Summing up, the NYT article, written by Patrick Kingsley, says:
“Through legislative fiat and force of will, Mr. Orban has transformed the country into a political greenhouse for an odd kind of soft autocracy, combining crony capitalism and far-right rhetoric with a single-party political culture. He has done this even as Hungary remains a member of the European Union and receives billions of dollars in funding from the bloc. European Union officials did little as Mr. Orban transformed Hungary into what he calls an ‘illiberal democracy.’
“Now Mr. Orban is directly challenging the countries that have long dominated the European bloc, predicting that 2018 will be ‘a year of great battles’…. His domestic political standing is largely unchallenged, partly because of the changes he has made in the electoral system; he is almost certain to win another term in the April elections.”
Orban’s political thrust is reportedly being felt in Central and Eastern Europe. He has already hooked Poland’s Law and Justice Party leader Jaroslaw Kaczynski into following in his footsteps. “You have given an example, and we are learning from your example,” Kaczynski has said.

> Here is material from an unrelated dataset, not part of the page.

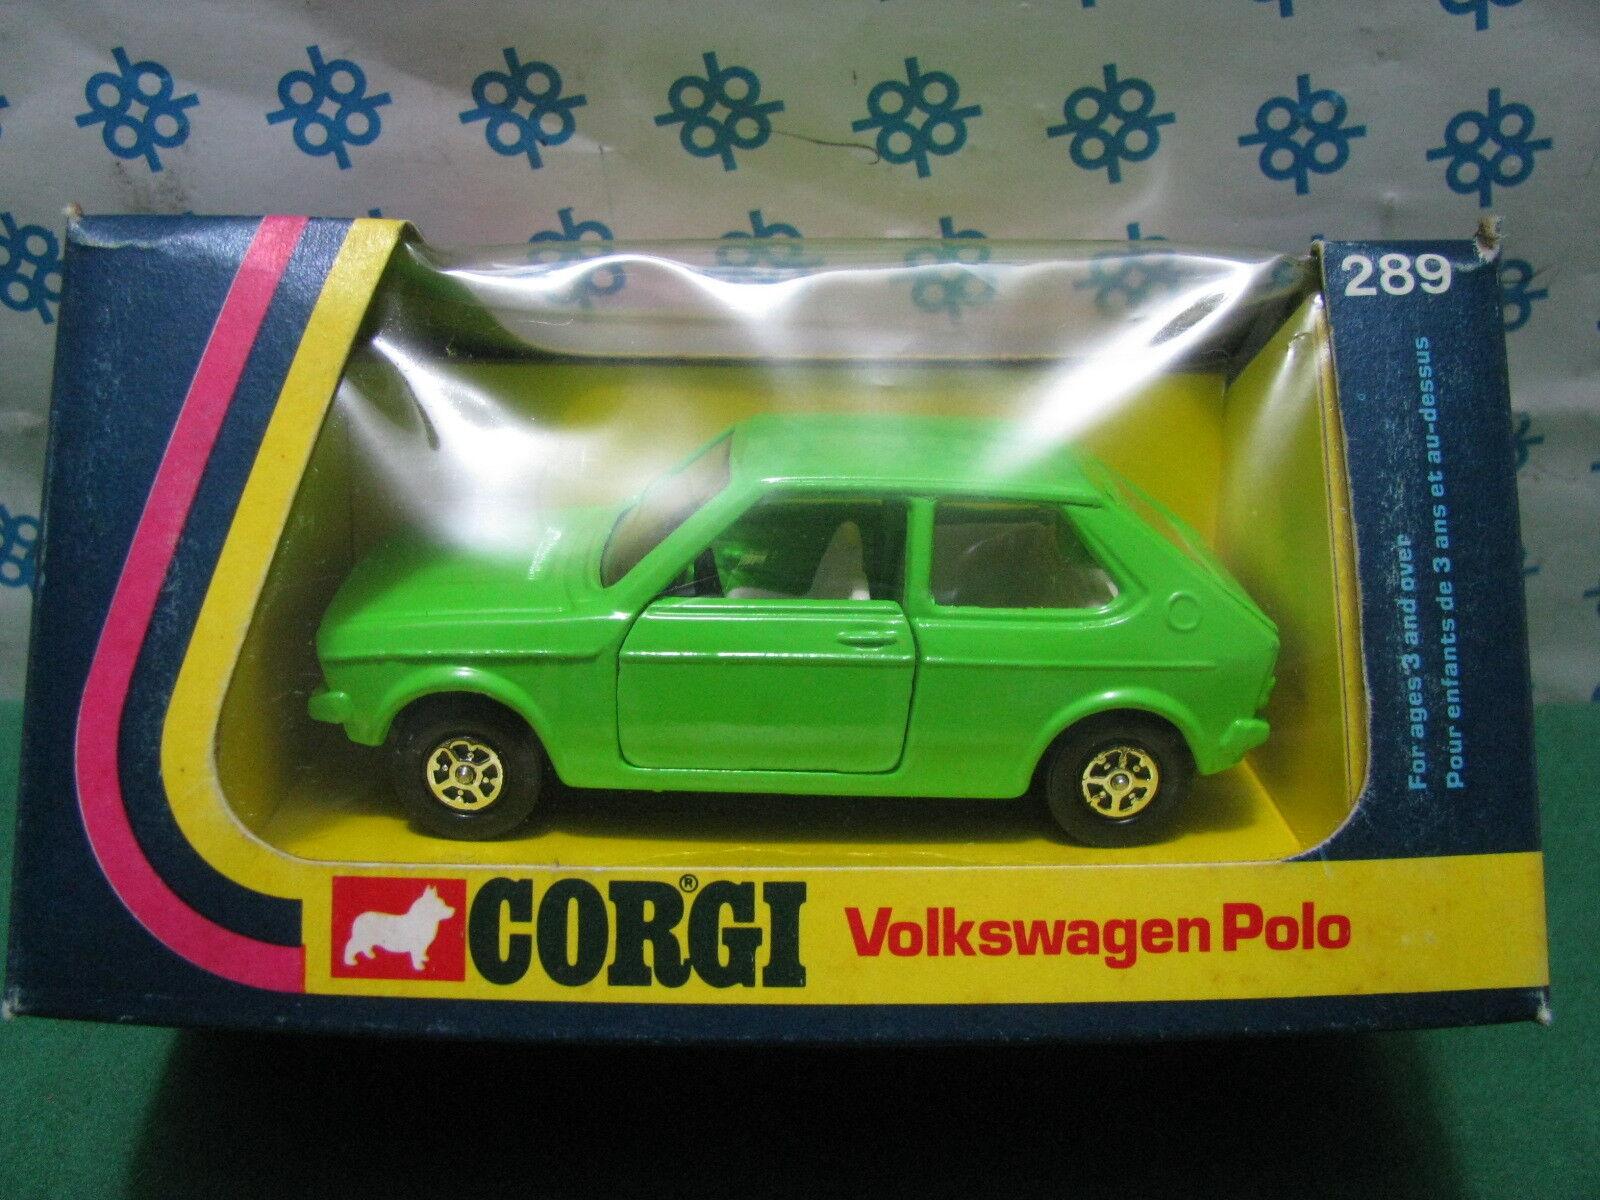 Corgi Toys 289 - Volkswagen Polo - Etat Parfait dans Boite

In a socio-economic, political, and cultural setting different from Hungary’s, President Duterte and his PDP-Laban’s version of a legislative “supermajority” are brashly but crudely pursuing, through con-ass (constituent assembly), their assault on the 1987 Constitution, purportedly to allow the shift to a federal form of government whose ramifications and workability have yet to be clearly defined.
We can be heartened by the strong and broadening public opposition, even condemnation, that has met their scheme (unlike in the Hungarian case, apparently). Being spurned are the administration’s proposals: to extend the terms of elected officials; centralize power in President Duterte’s hands; limit the people’s exercise of sovereign power; and open our natural resources to full foreign exploitation and our public utilities, educational institutions and media, among other investment areas, to full foreign ownership.